• [What you are asked to do] Reproduce the material below only from the line with "Designer Slippers for" to the line with "Camille Dress - Black", both included, keeping each line exact and dropping the pictures.

• [Data listing]

%%

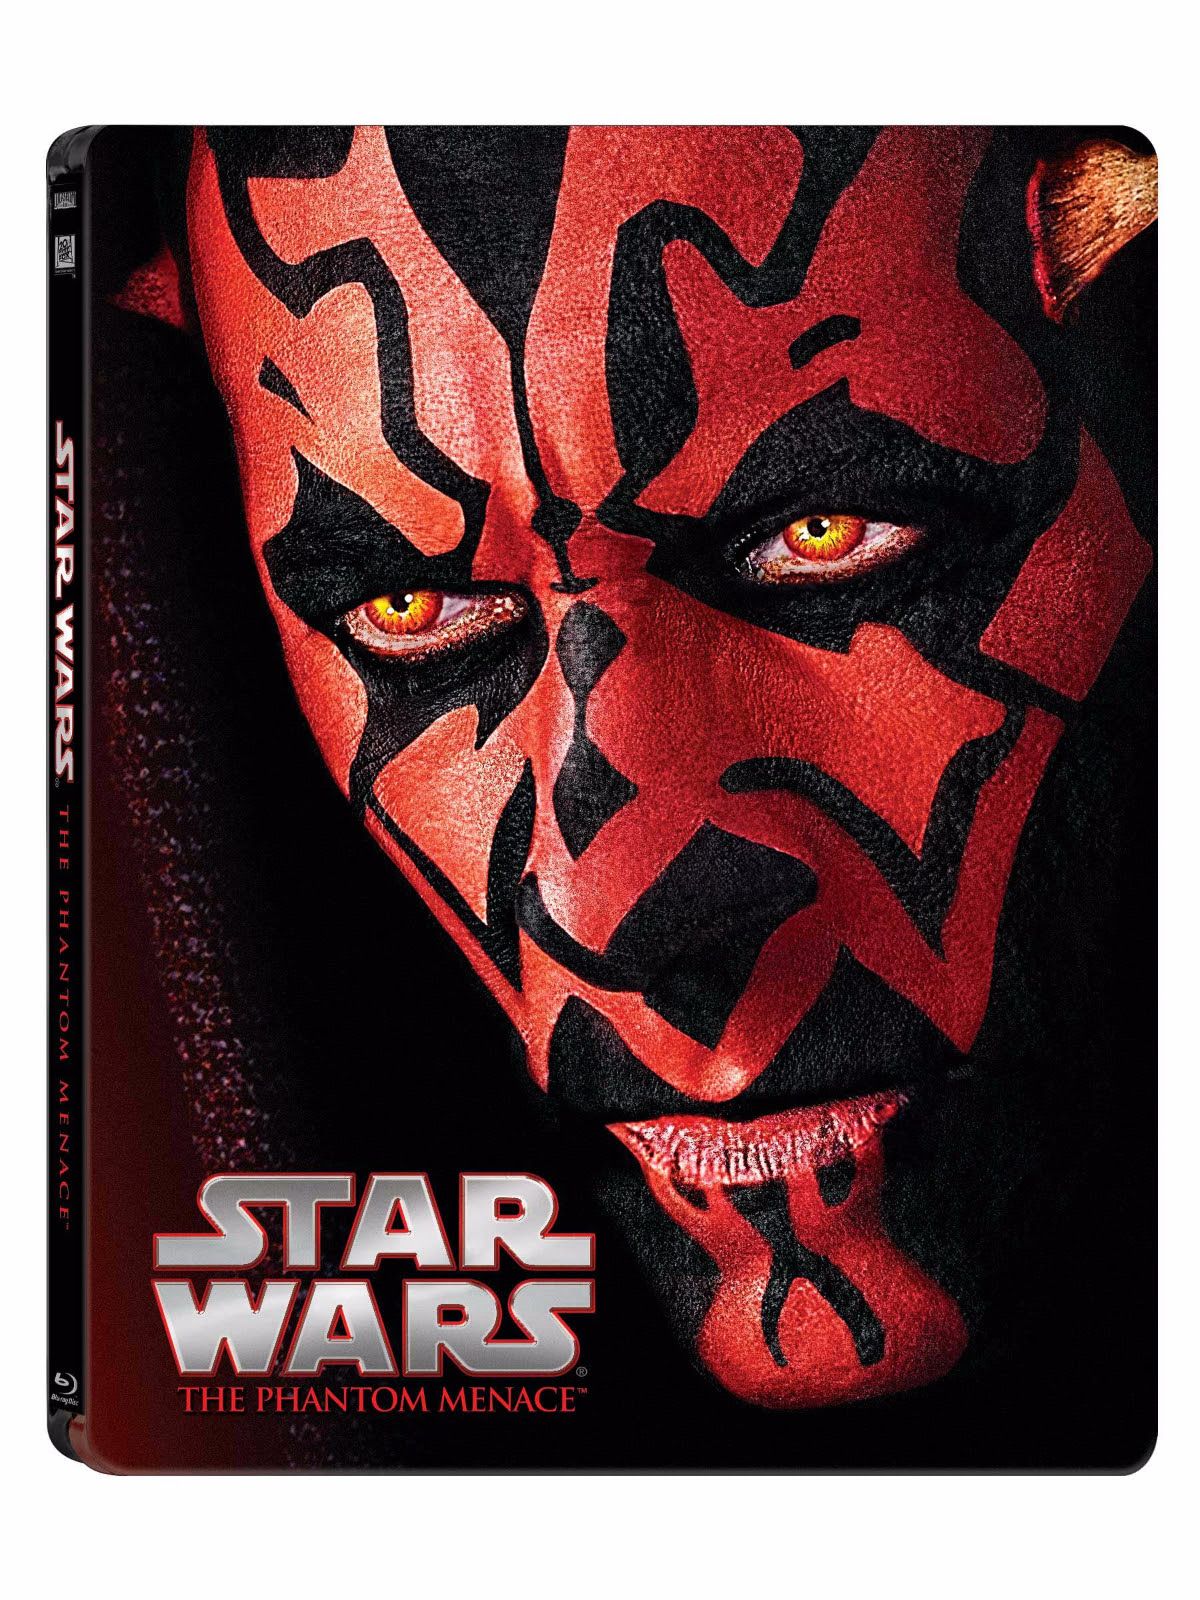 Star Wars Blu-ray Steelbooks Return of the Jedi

%%
%%

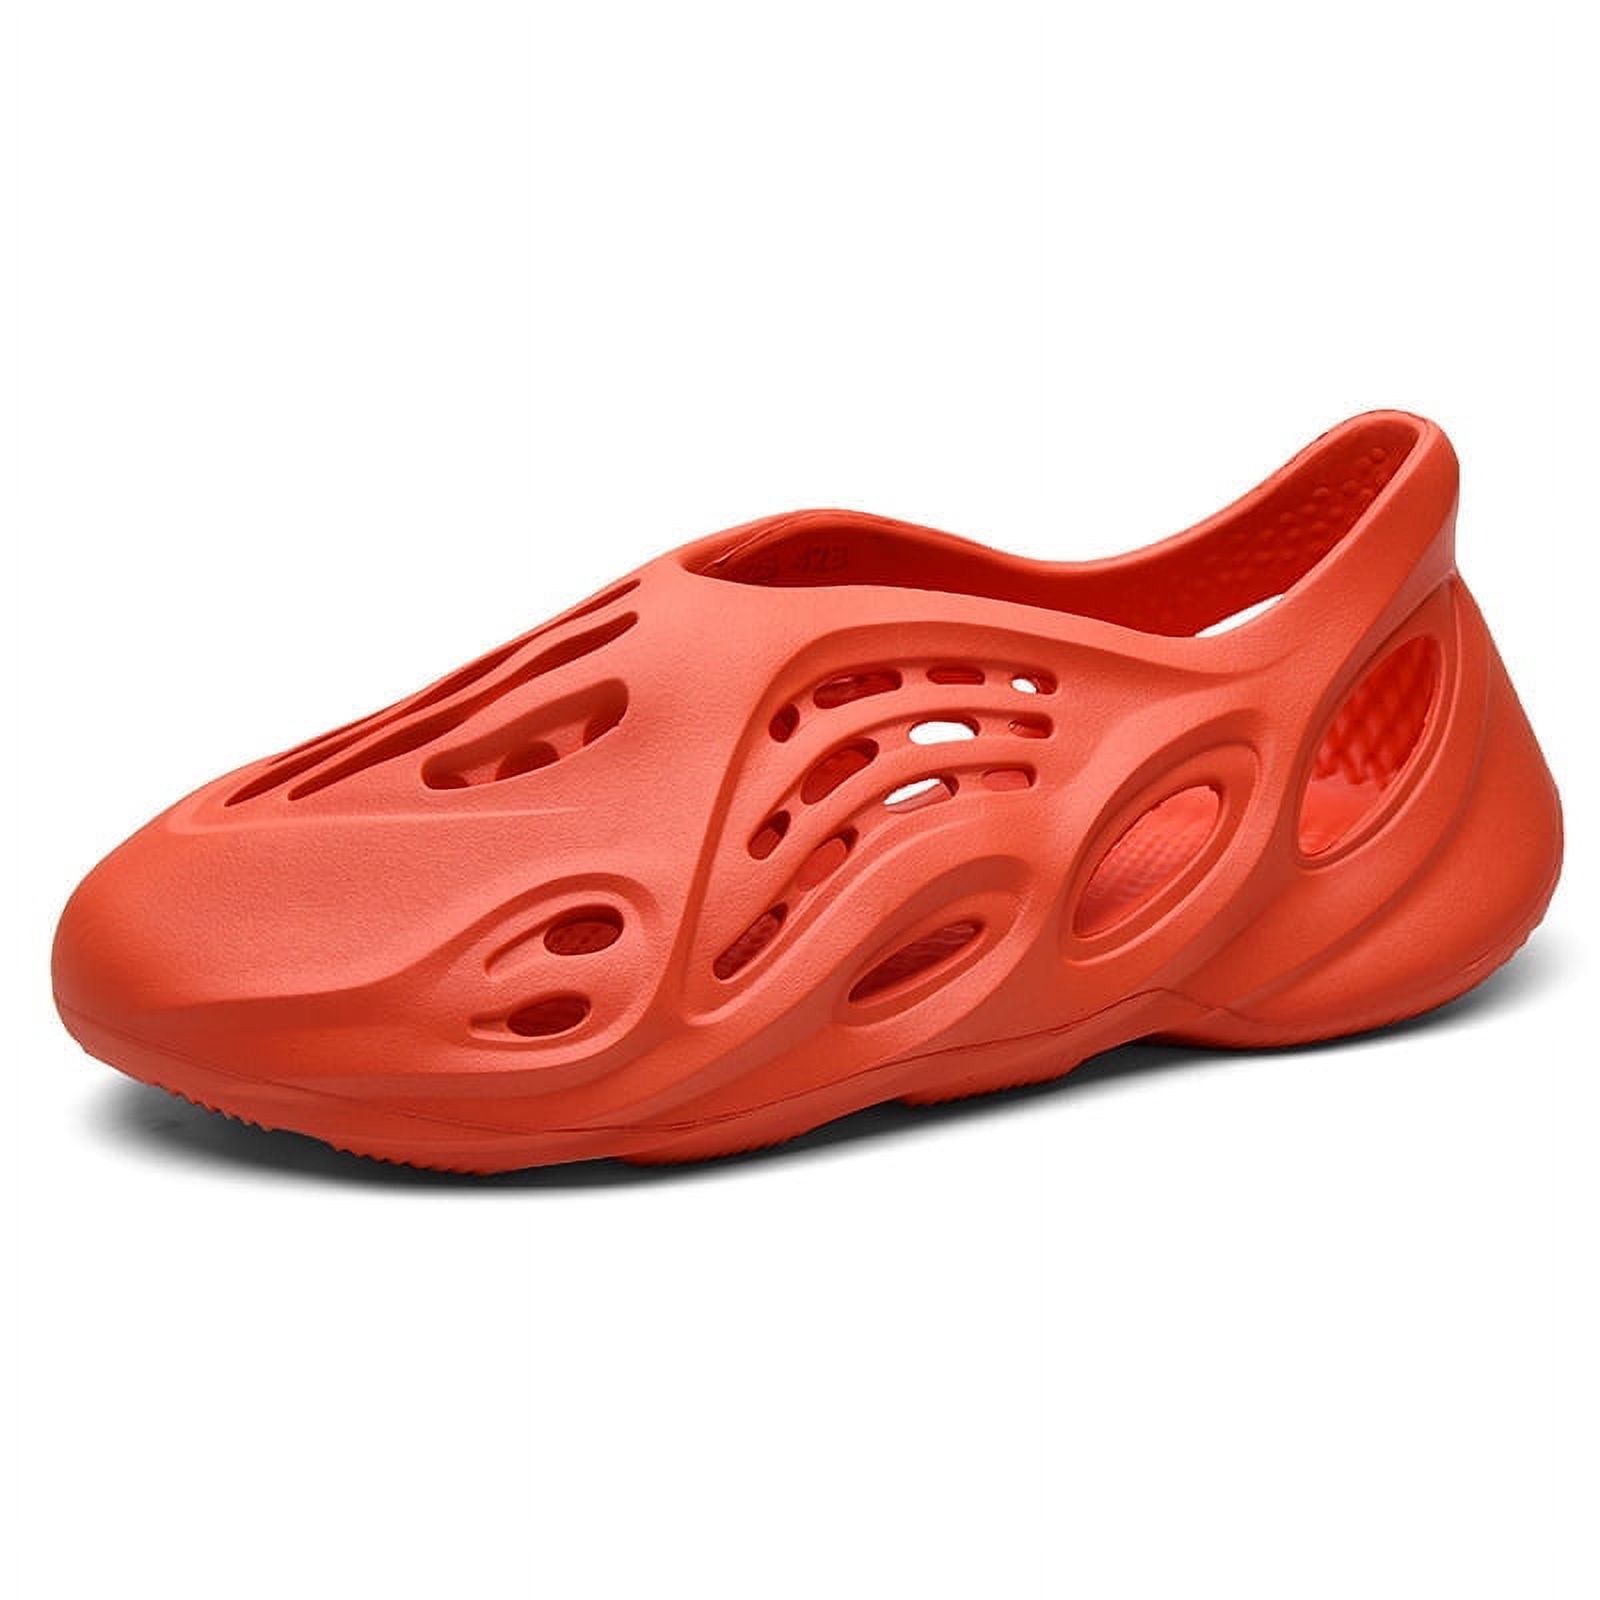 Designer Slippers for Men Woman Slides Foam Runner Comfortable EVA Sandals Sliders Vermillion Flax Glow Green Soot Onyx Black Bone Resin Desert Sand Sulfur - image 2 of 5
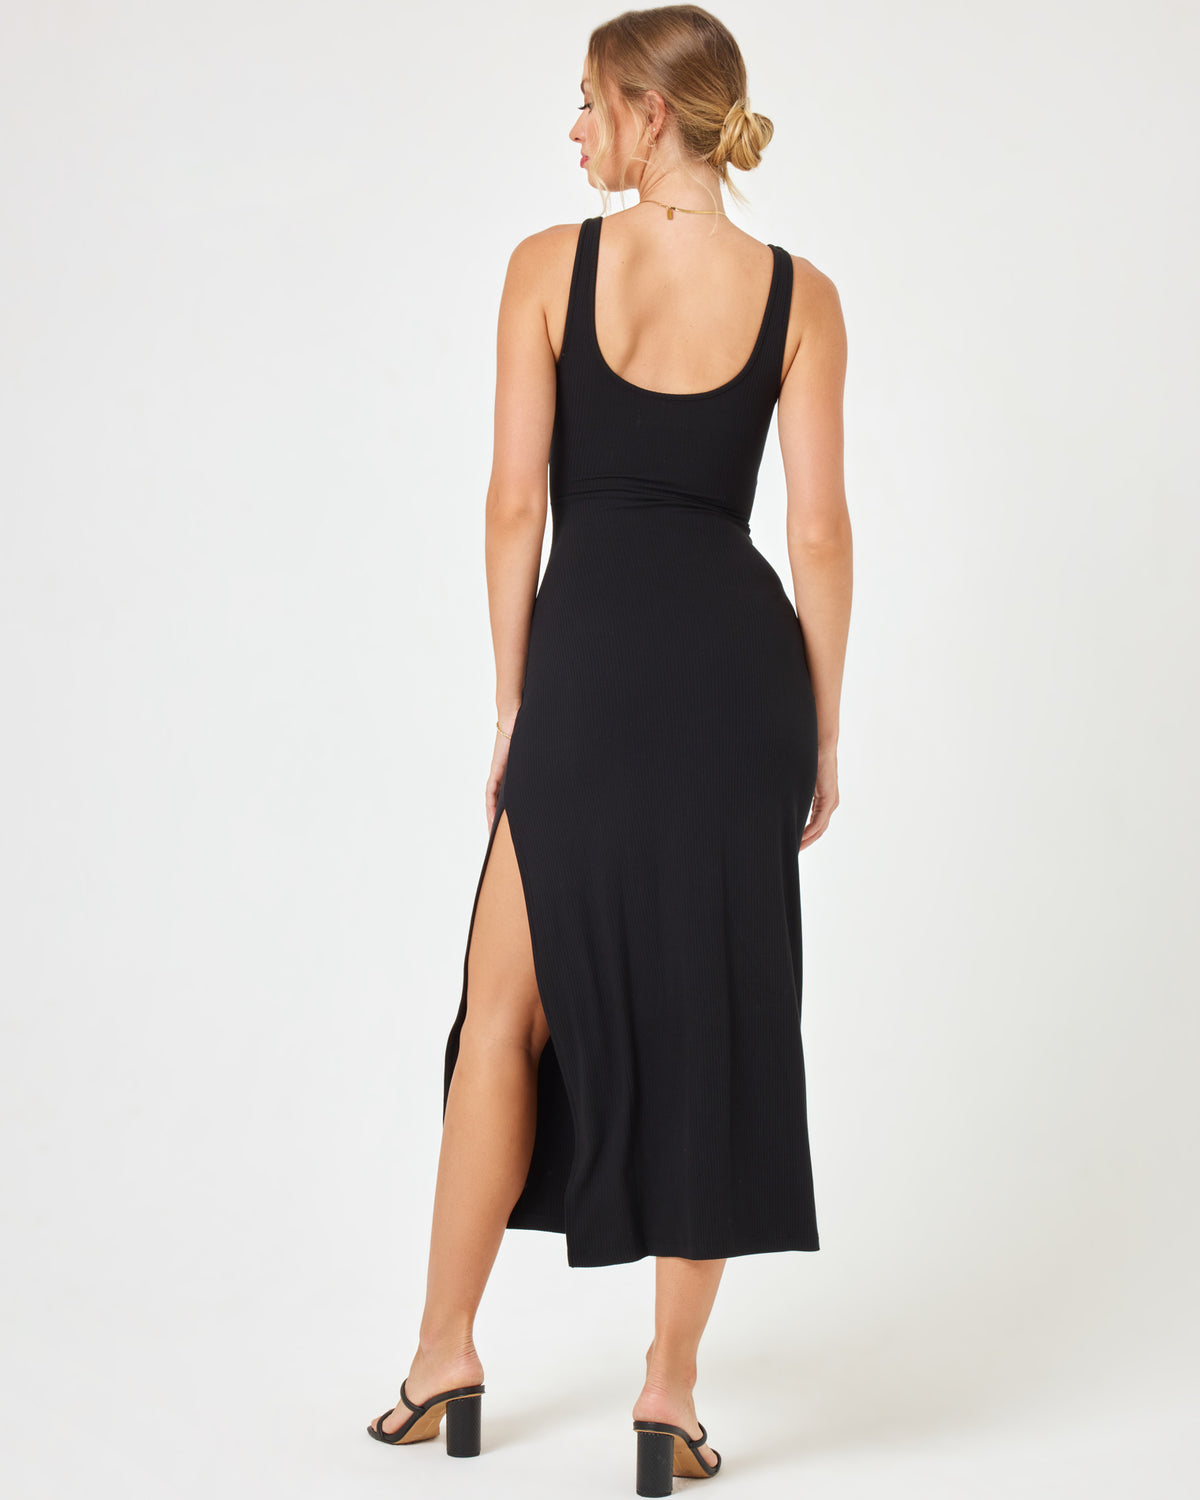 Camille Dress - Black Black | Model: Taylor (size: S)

%%
%%

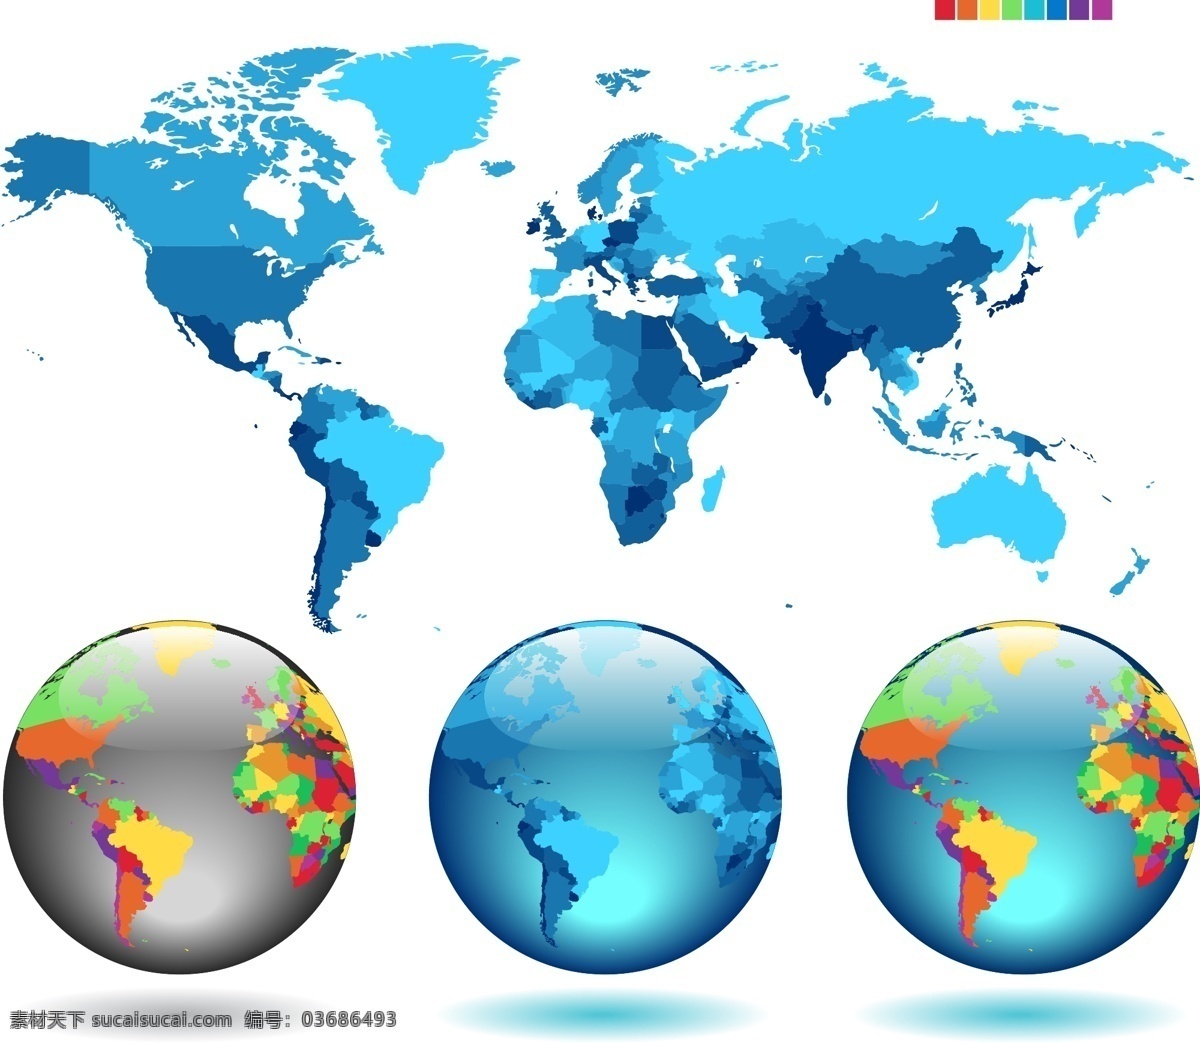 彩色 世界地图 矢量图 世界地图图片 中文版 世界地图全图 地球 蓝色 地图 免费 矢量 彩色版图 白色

%%

• [Exercise solution]
 Designer Slippers for Men Woman Slides Foam Runner Comfortable EVA Sandals Sliders Vermillion Flax Glow Green Soot Onyx Black Bone Resin Desert Sand Sulfur - image 2 of 5
 Camille Dress - Black Black | Model: Taylor (size: S)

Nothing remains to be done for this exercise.